In 2020, the cloud computing market will sees interesting new alliances and face new security concerns. Read Forrester’s 2020 cloud predictions to find out more.

Last year, Forrester predicted that enterprises would start modernizing core business apps with cloud computing in 2019, and that transformation has indeed taken off. 2019 also brought major acquisitions (IBM completed its acquisition of Red Hat, and VMware reabsorbed Pivotal) and surprising new alliances (Oracle partnered with Microsoft on high-speed links between Oracle Cloud and Azure, and VMware brought its Cloud Foundation to Google Cloud). The always-changing cloud provider landscape changed again — bringing frenemies closer together and expanding the reach of incumbents. Think you know who’s winning the cloud computing wars? Think again, because the battleground has shifted.

In 2020, we’ll see the public cloud market, including cloud applications (SaaS), development and data platforms (PaaS), and infrastructure (IaaS) services combined, grow to $299.4 billion. Even with slower growth on the horizon, this is tremendous success for a consolidating, maturing market on its way to half a trillion dollars in just a few years. Also, currently, 65% of North American enterprises rely on public cloud platforms, and 66% run internal private clouds.

As you prepare for 2020, we predict that the hyperscale global public cloud leaders will form more alliances while refocusing on their core strengths; leading business app vendors will ditch their proprietary infrastructures; high-performance computing will take off; the crowded cloud-native development ecosystem will deliver service meshes and serverless computing; and cloud management vendors will shift focus to security after a well-publicized public cloud data breach.

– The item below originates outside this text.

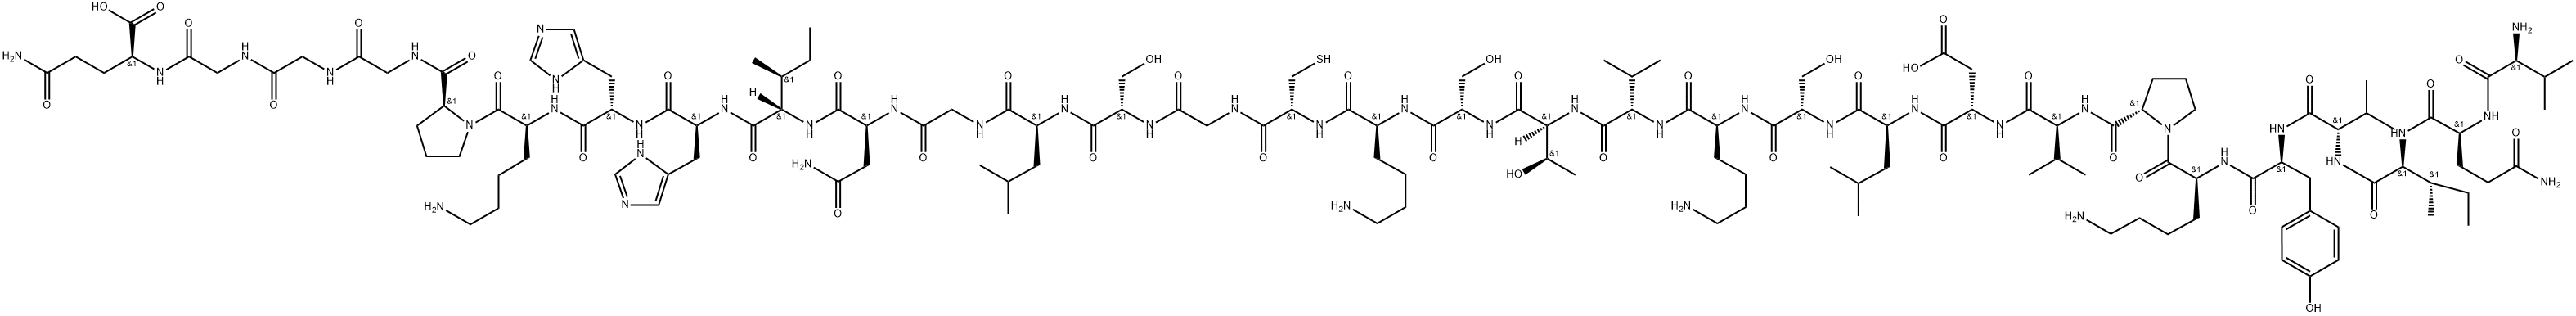 Tau Peptide (306-336) (Repeat 3 Domain) Structure

Here are three key takeaways from our 2020 cloud computing predictions:

IBM and Oracle will retreat to familiar territory while Alibaba threatens Google. IBM and Oracle will not exit the hyperscale public cloud market, now dominated by AWS, Microsoft, Google, and Alibaba. IBM will focus on helping enterprises use Red Hat’s OpenShift development platform — on any cloud — to modernize core business apps. Oracle will focus on its SaaS and autonomous database products, recommending Azure for general-purpose cloud development services like AI/machine learning, Kubernetes/containers, internet of things, and other emerging innovations. Oracle will ink a high-speed connectivity deal with AWS or Google — it must to serve its customers. Alibaba will generate $4.5 billion in global cloud platform revenue, surpassing Google, but Google will retain its third-place ranking for North American clients due to Alibaba’s small footprint in that region.
Open source cloud-native development battles target service meshes and serverless. The hundreds of open source projects and vendors vying for developer attention in the cloud-native development ecosystem will wage a pitched battle in 2020. Last year, Kubernetes won the battle for container orchestration and launched a host of new commercial offerings that infrastructure and operations pros are only now learning how to implement, secure, and operate. Service meshes promise even more powerful interservice networking, visibility, and security, and serverless opens new programming models abstracted completely from infrastructure concerns. While no one solution has won, Istio stands out today in the service mesh space, and Knative is a solid bet for serverless — and both will most likely be consumed by enterprises as part of a cloud-native development platform from AWS, Microsoft, Google, VMware/Pivotal, or IBM/Red Hat.
Cloud management players must — and will — tackle cloud security. The Capital One breach in AWS has brought attention to the next big cloud management challenge: securing apps and data in an increasingly hybrid cloud world. The hyperscale cloud leaders will ramp up investment in their native security offerings, while cross-cloud management providers must buy, build, and/or acquire security capabilities that go beyond past identity and access management. Early moves began in 2019 when VMware acquired Carbon Black to infuse security throughout its cloud management, virtualization, and container products.